Preparing your notebook environment
Installation
You can install the patientflow package directly from PyPI:
pip install patientflow
For development purposes or to run these notebooks with the latest code, you may still want to use the Github repository directly. In that case, the PATH_TO_PATIENTFLOW environment variable needs to be set so notebooks know where the patientflow repository resides on your computer. You have various options:
- use a virtual environment and set PATH_TO_PATIENTFLOW up within that
- set PATH_TO_PATIENTFLOW globally on your computer
- let each notebook infer PATH_TO_PATIENTFLOW from the location of the notebook file, or specify it within the notebook
To set the PATH_TO_PATIENTFLOW environment variable within your virtual environment
Conda environments
Add PATH_TO_PATIENTFLOW to the environment.yml file:
variables:
PATH_TO_PATIENTFLOW: /path/to/patientflow
venv environment
Add path_to_patientflow to the venv activation script:
echo 'export PATH_TO_PATIENTFLOW=/path/to/patientflow' >> venv/bin/activate # Linux/Mac
echo 'set PATH_TO_PATIENTFLOW=/path/to/patientflow' >> venv/Scripts/activate.bat # Windows
The environment variable will be set whenever you activate the virtual environment and unset when you deactivate it. Replace /path/to/patientflow with your repository path.

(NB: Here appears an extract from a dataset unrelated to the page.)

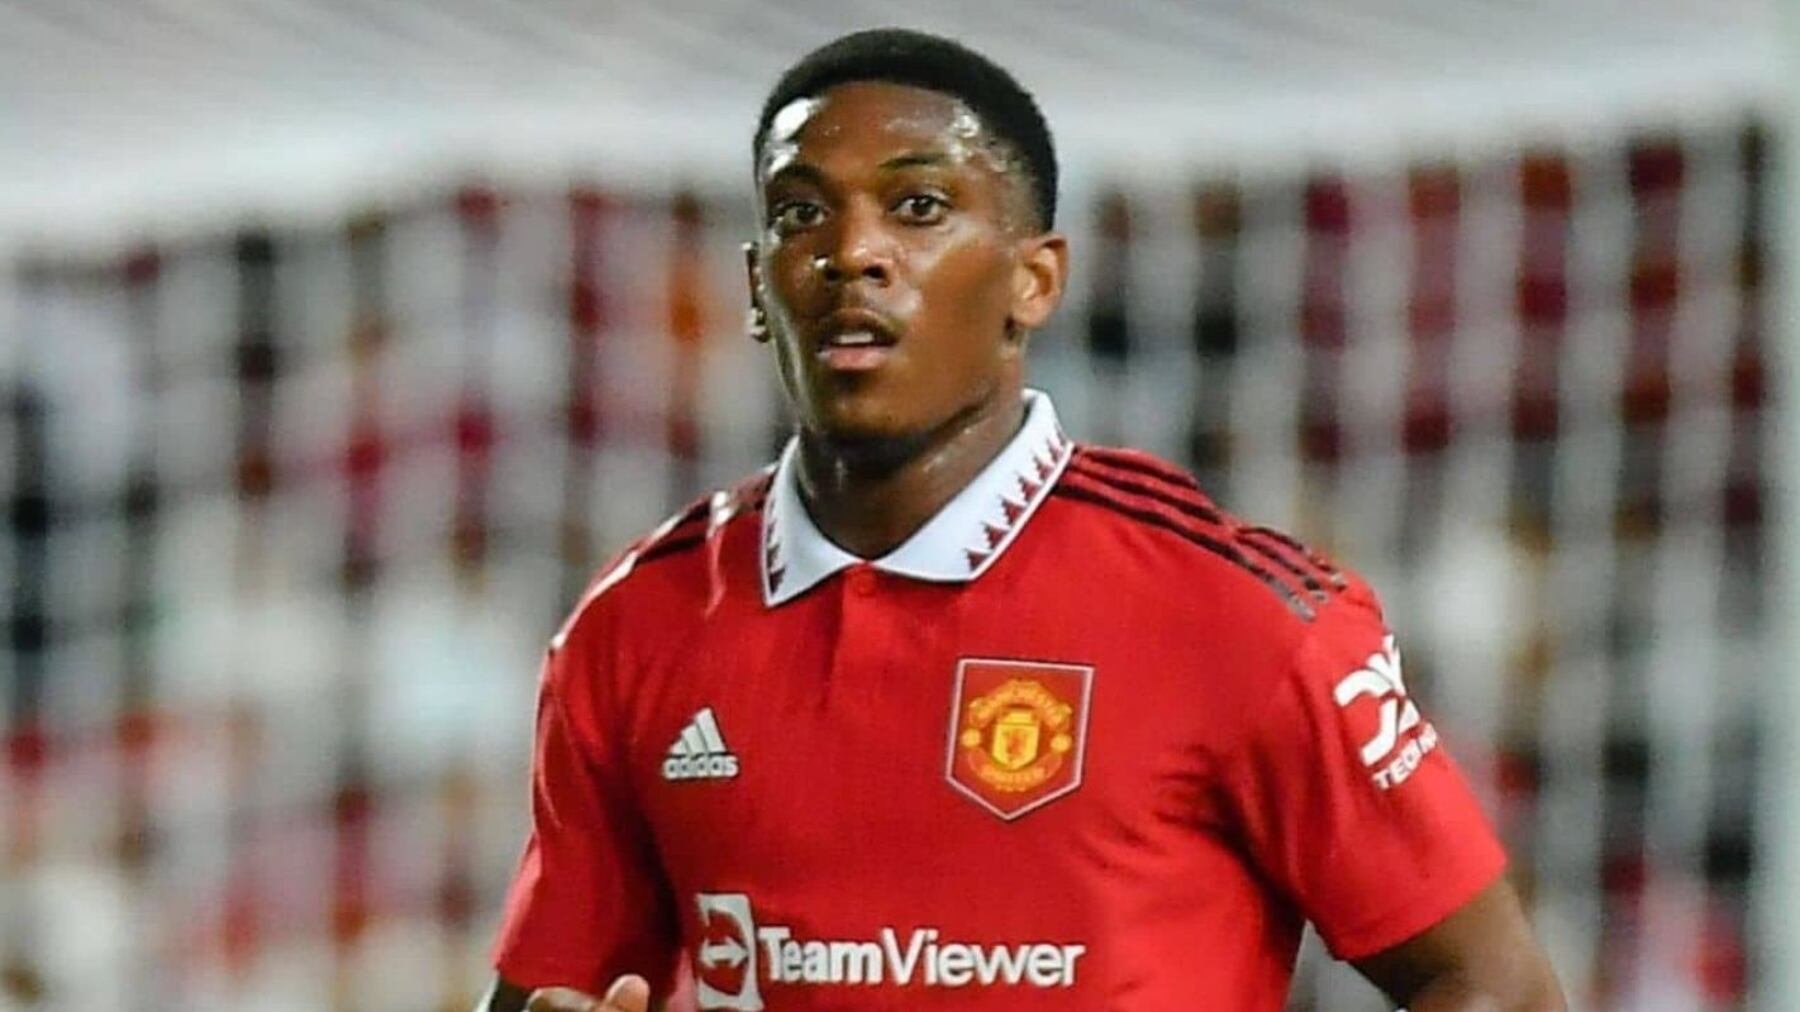 To get him out of Manchester United, Saudi Arabia's offer to Martial that shocks

To set the project_root environment variable from within each notebook
A function called set_project_root() can be run in each notebook. If you include the name of a environment variable as shown below, the function will look in your global environment for a variable of this name.
Alternatively, if you call the function without any arguments, the function will try to infer the location of the patientflow repo from your currently active path.
# to specify an environment variable that has been set elsewhere
project_root = set_project_root(env_var ="PATH_TO_PATIENTFLOW")
# to let the notebook infer the path
project_root = set_project_root()
You can also set an environment variable from within a notebook cell:
Linux/Mac:
%env PATH_TO_PATIENTFLOW=/path/to/patientflow
Windows:
%env PATH_TO_PATIENTFLOW=C:\path\to\patientflow
Replace /path/to/patientflow with the actual path to your cloned repository.
To set project_root environment variable permanently on your system
Linux/Mac:
# Add to ~/.bashrc or ~/.zshrc:
export PATH_TO_PATIENTFLOW=/path/to/patientflow
Windows:
Open System Properties > Advanced > Environment Variables
Under User Variables, click New
Variable name: PATH_TO_PATIENTFLOW
Variable value: C:\path\to\patientflow
Click OK
Replace /path/to/patientflow with your repository path. Restart your terminal/IDE after setting.